Well, software like Jenkins and BuildBot ... those mechanisms we can provide pre-built code to watch their repositories for commits to their Website repository. It'll automatically build it, and then it'll push it to the websites. There's also recently GitHub actions will also, instead of being on Jenkins or BuildBot or Travis or any of those, GitHub actions will take a commit straight out of the GitHub repository. It'll do the building of the Website, then it'll push it to usually what's called an asf-site branch. And then we pick it up from there and publish it. The actual GitHub actions code themselves is written by the projects. So that's self-serve.

If there is a fail for that commit, who fixes it? Is it the Project’s responsibility or is that your responsibility? Who's under the hood dealing with that?

It depends. If it's a coding error, then it's theirs, the Projects. If there's some kind of hardware failure, or if there's a piece of software gone down, communications error, yeah, it's up to us to track that down and find out what happened.

I'm understanding a trend here. If you go to other foundation sites, they seem more “corporate” in the sense that everyone's site looks, feels, and performs the same way, they operate the same way and they tend to be under the same infrastructure altogether, right? They're not using 50 different CMS's.

Right.

... That in itself is highly unusual.

Oh okay, yeah. We don't mandate how projects make their Website look, or we don't mandate how they must build it.

That in itself, the autonomy to do what works best for the Project, I think is highly unusual.

Okay. That's good to know.

In terms of ASF Infra and other foundations, you guys don't sit together and compare notes or talk to each other or anything. A lot of groups copy us, so I presume there's little interaction other than socially, right? I didn't know if there was, "Hey, Linux Foundation does that. We should do the same thing," kind of thing. The ASF does its thing and so be it. 

As far as I know, we have no interest in what other people are doing in terms of how they do things. We do things how we think it's best to do them for us and our Projects, how it works best for us. Whether other team members go off and have a look at how other foundations are doing things, I don't know. But I don't.

... Uniquely Apache.

Yeah.

In terms of services, what's the difference between what you offer for individual Apache Projects and their communities versus Foundation-level initiatives? I presume there's a difference --is the majority of your work serving the Projects? What's the percentage of work that you do that's for the Foundation versus Projects? Is it all for Projects? Or is it all considered one thing.

I don't really see a difference. All the work that needs doing is for the Project or Foundations as a whole. It's all the same to me.
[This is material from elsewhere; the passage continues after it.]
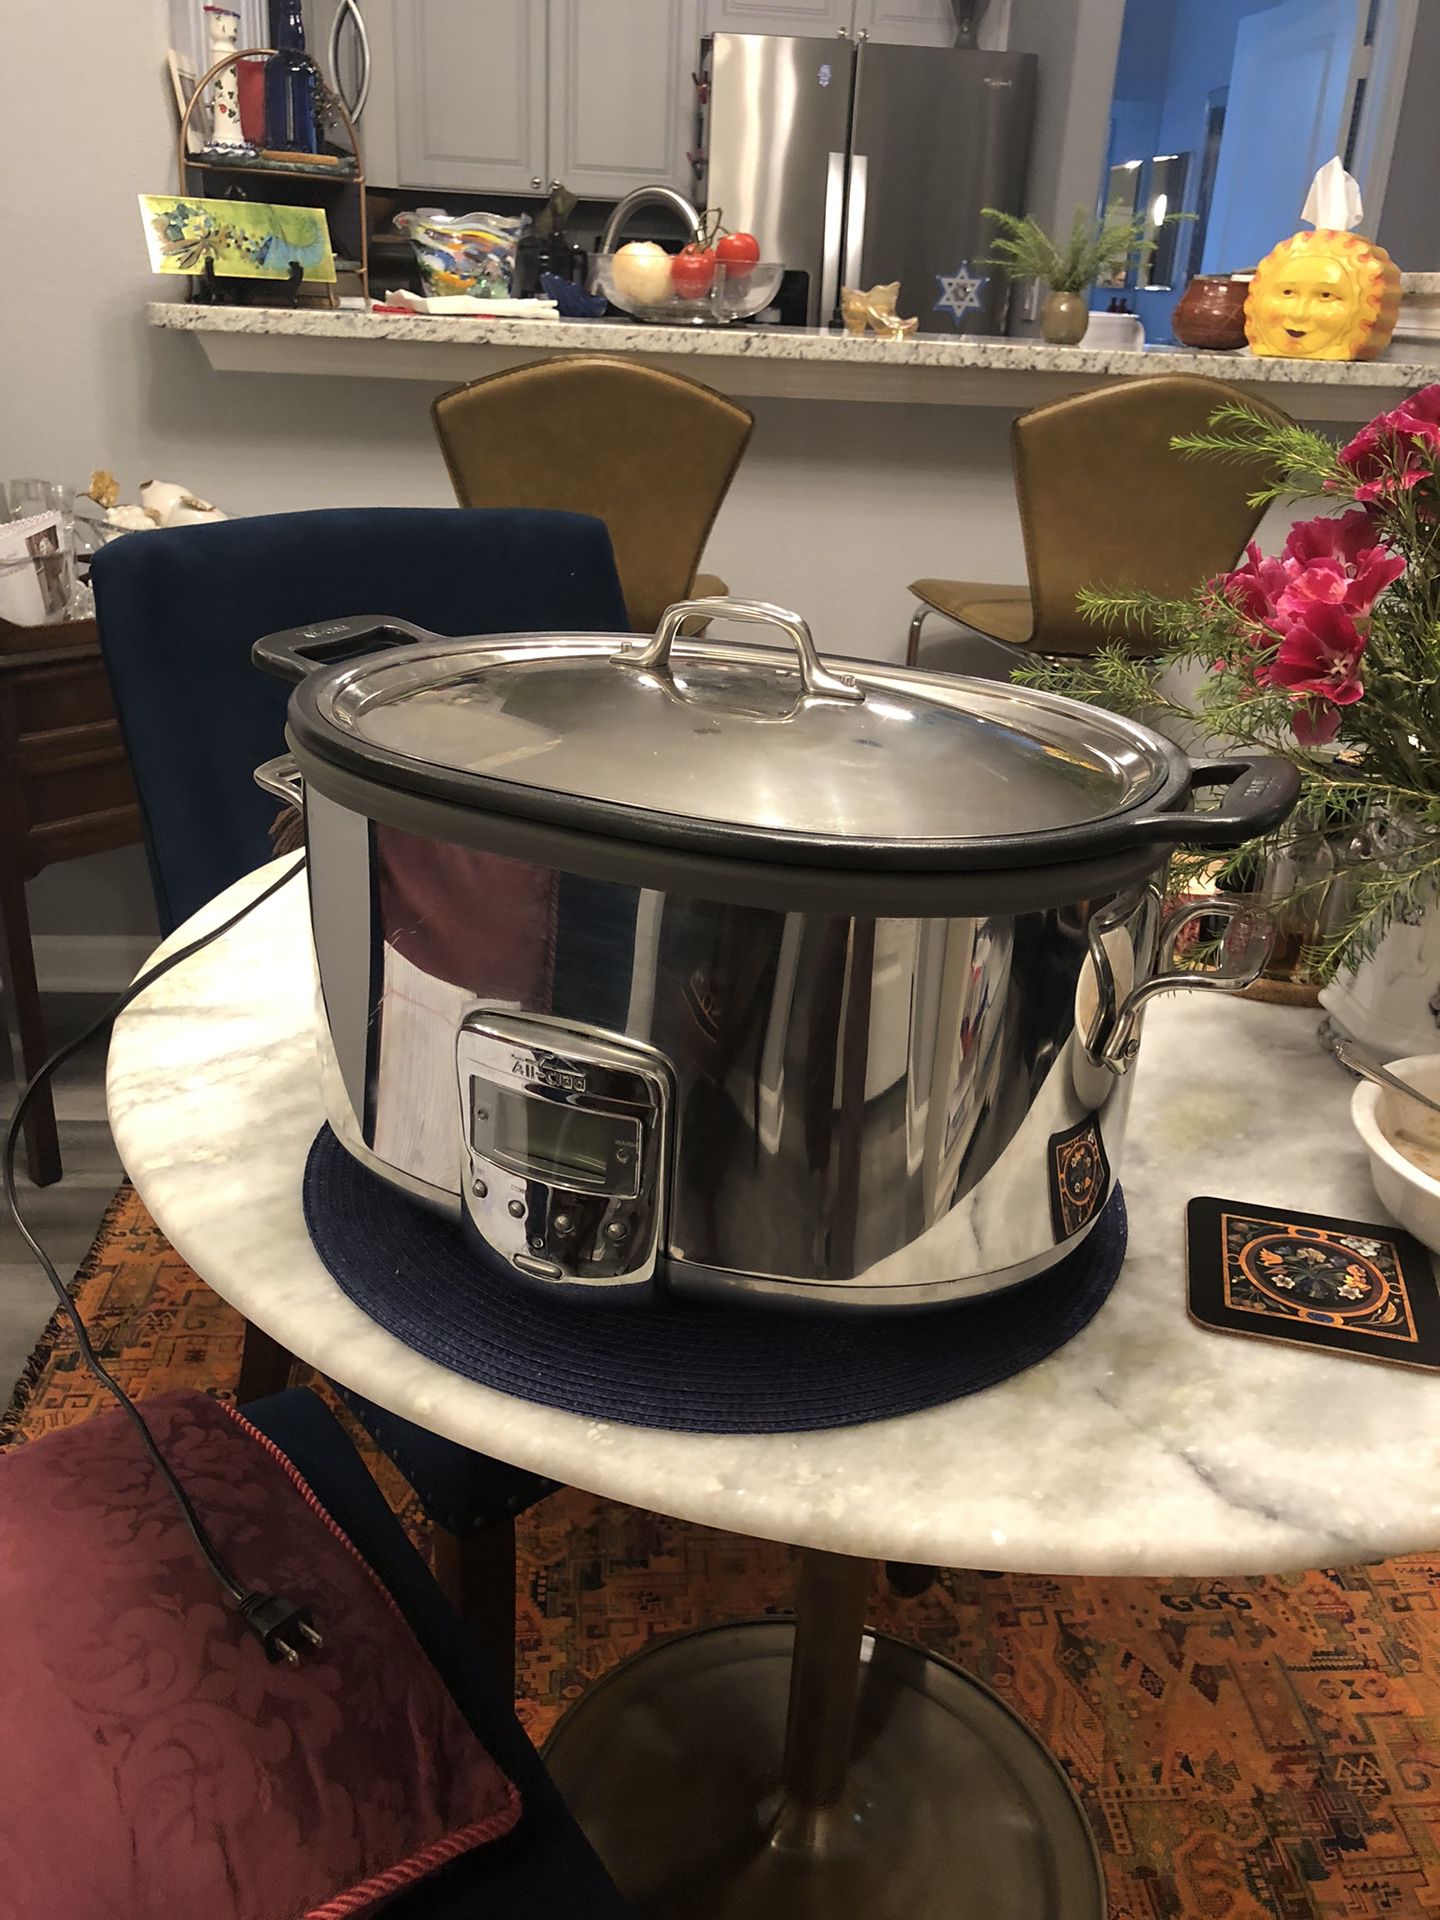 All-Clad 8-Qt Stainless Steel Slow Cooker

What about incubating projects? Do they have special needs or requirements? How do you support them?

Not really unless they're coming into the Incubator with something they've always used that we don't do. Then we would look at that and decide whether it's something we can do for them or not. There's been a few projects that come in like maybe OpenOffice in 2011.
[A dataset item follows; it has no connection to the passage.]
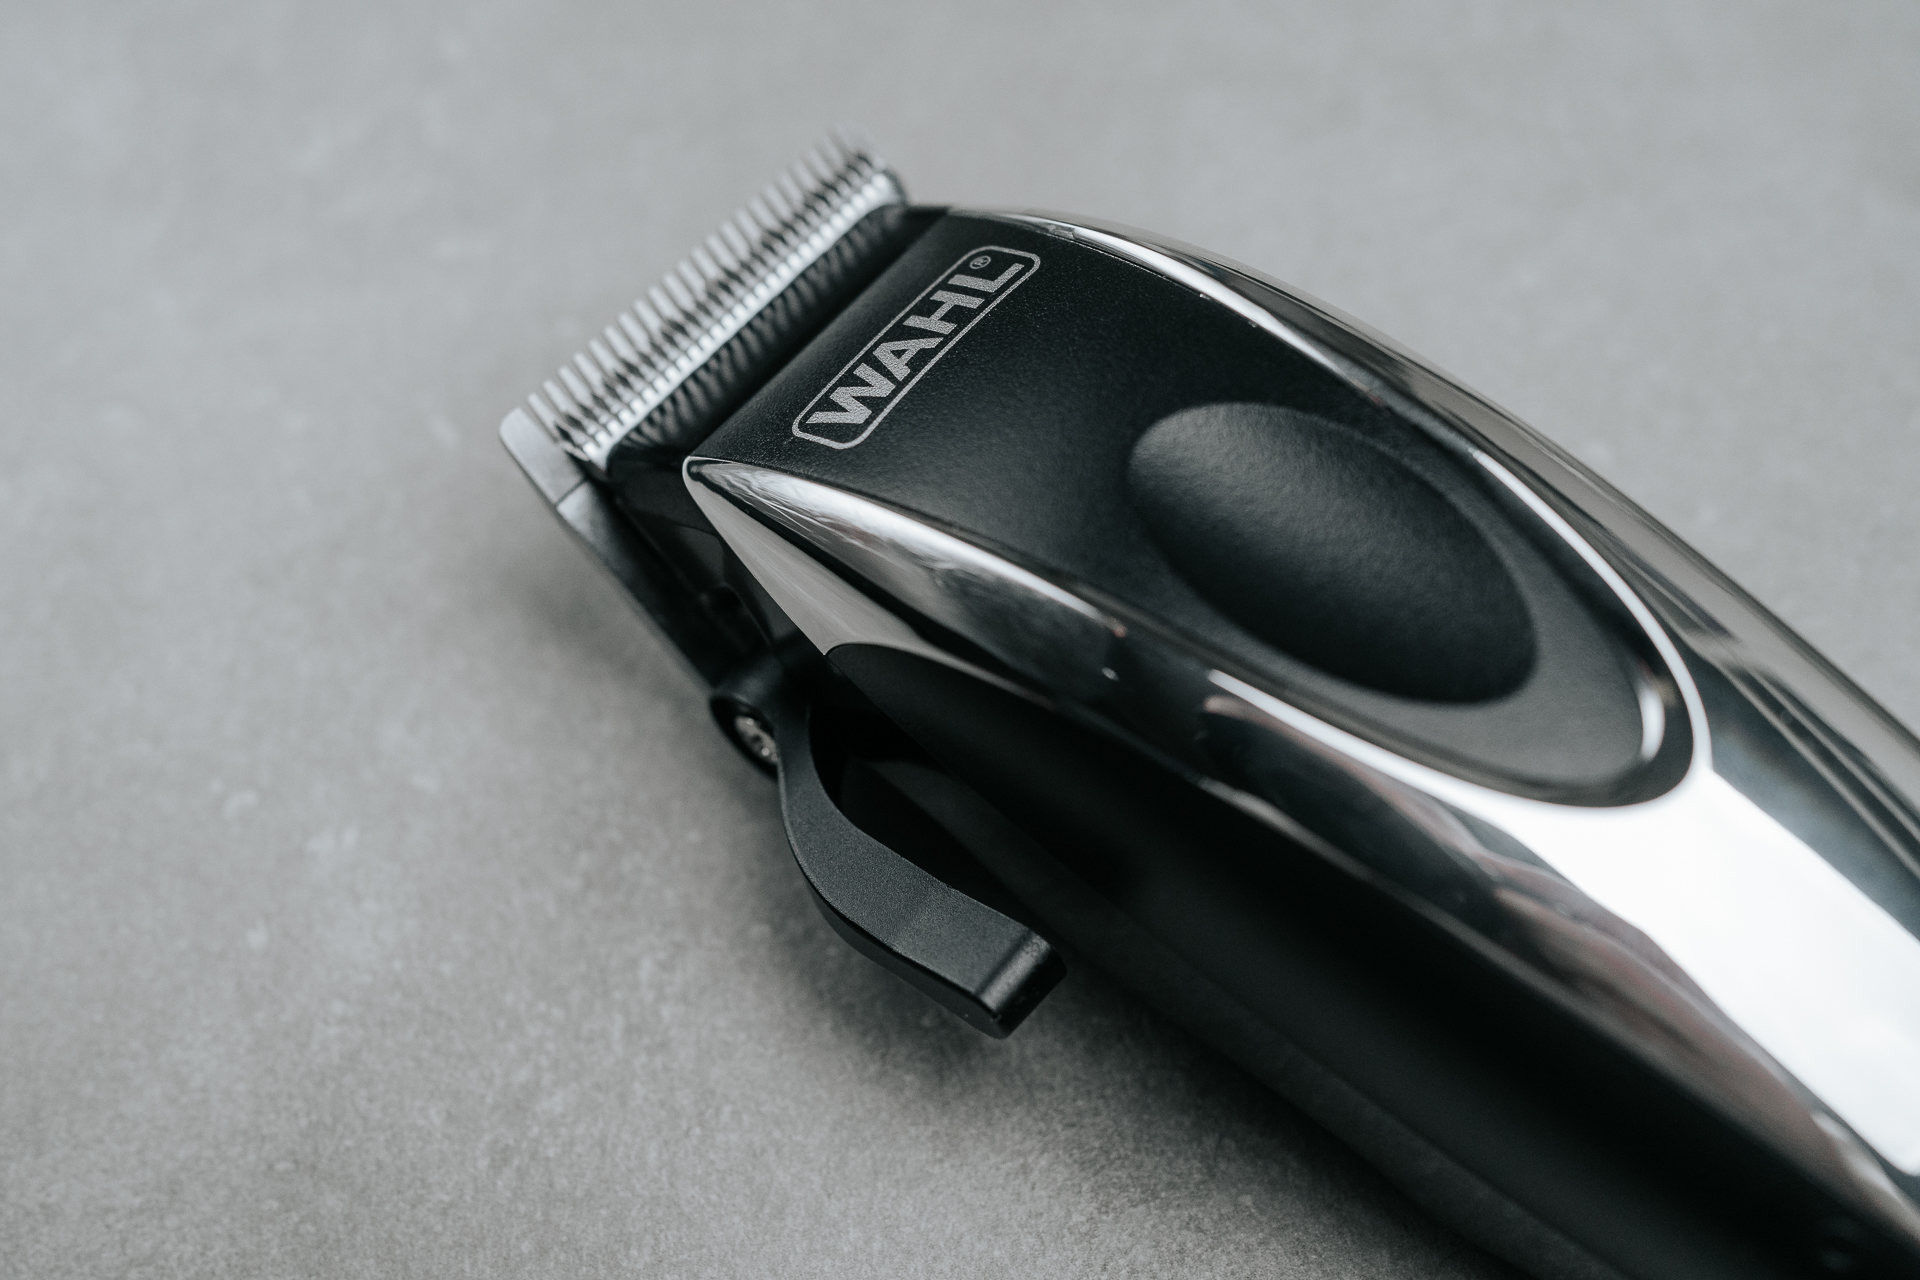 Home Pro (2616) | Wahl Global

That was exactly in my head in terms of pre-existing groups that have pre-existing infrastructure. OpenOffice was a whole community altogether in a completely different way. How did Infra support them? What did you do? I knew that there were some issues with the codebase and licensing. What else did you do to support that project?

Oh that was a while ago.

... That's fine, I was just curious as to what you guys did. I just remember it was a huge lift from everybody, from all sides. Licensing and code and every aspect of that project coming in seemed to me to be very, very, very challenging, but we got through it. So that's great.
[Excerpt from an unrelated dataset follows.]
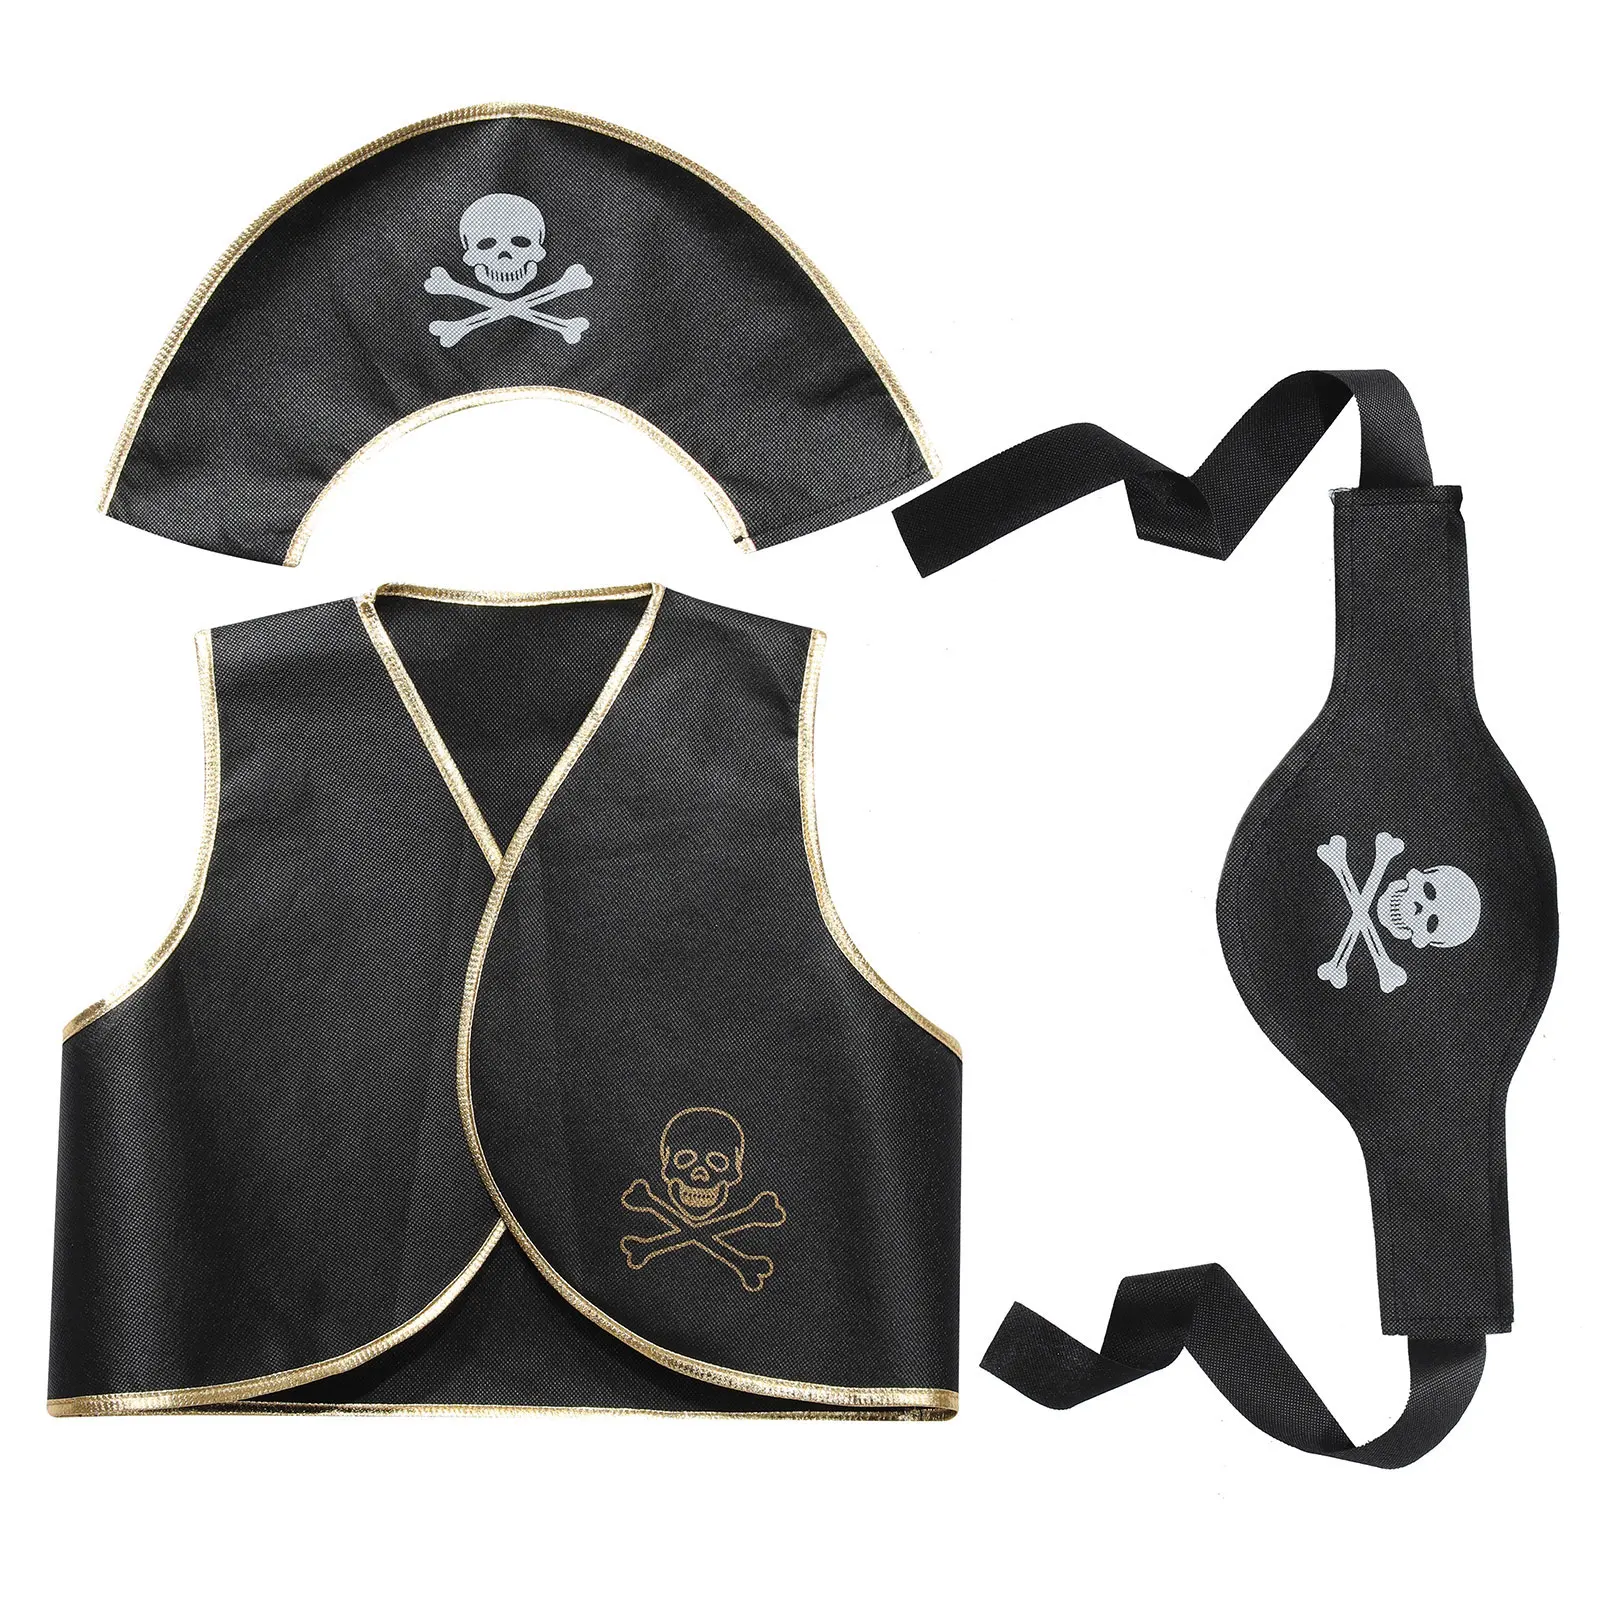 new arrival halloween accessories skull hat caribbean pirate hat piracy hats corsair cap party props cosplay costume theater toy Kids Halloween Pirate Jack Captain Cosplay Costume Skull Print Eyeshade+Vest+Hat Belt+Earring Set Theme Party Dress Up Props

I know there was a lot of work bringing the code in, and not just from the licensing perspective, but also it was an enormous amount of code that needed to come in. I don't know whether they were in Subversion beforehand, but we provided them their space in Subversion and their Website space. I think a lot of the work was done by the project themselves.

Wow, wow. That was a lot of work. How do you handle Projects or communities that make unreasonable demands from the team? How do you guys deal with that?

There are some projects ask more of Infra than others. Some we never hear from at all. There's kind of a fine balance. Projects that are fairly new, we probably spend a bit more time with them helping them out, making sure they get all set up. They may ask new things, there may be some initial push backs, then all of a sudden there's another two or three projects interested in the same thing. So then we have to take a serious look and decide whether that's something we need to support ongoing.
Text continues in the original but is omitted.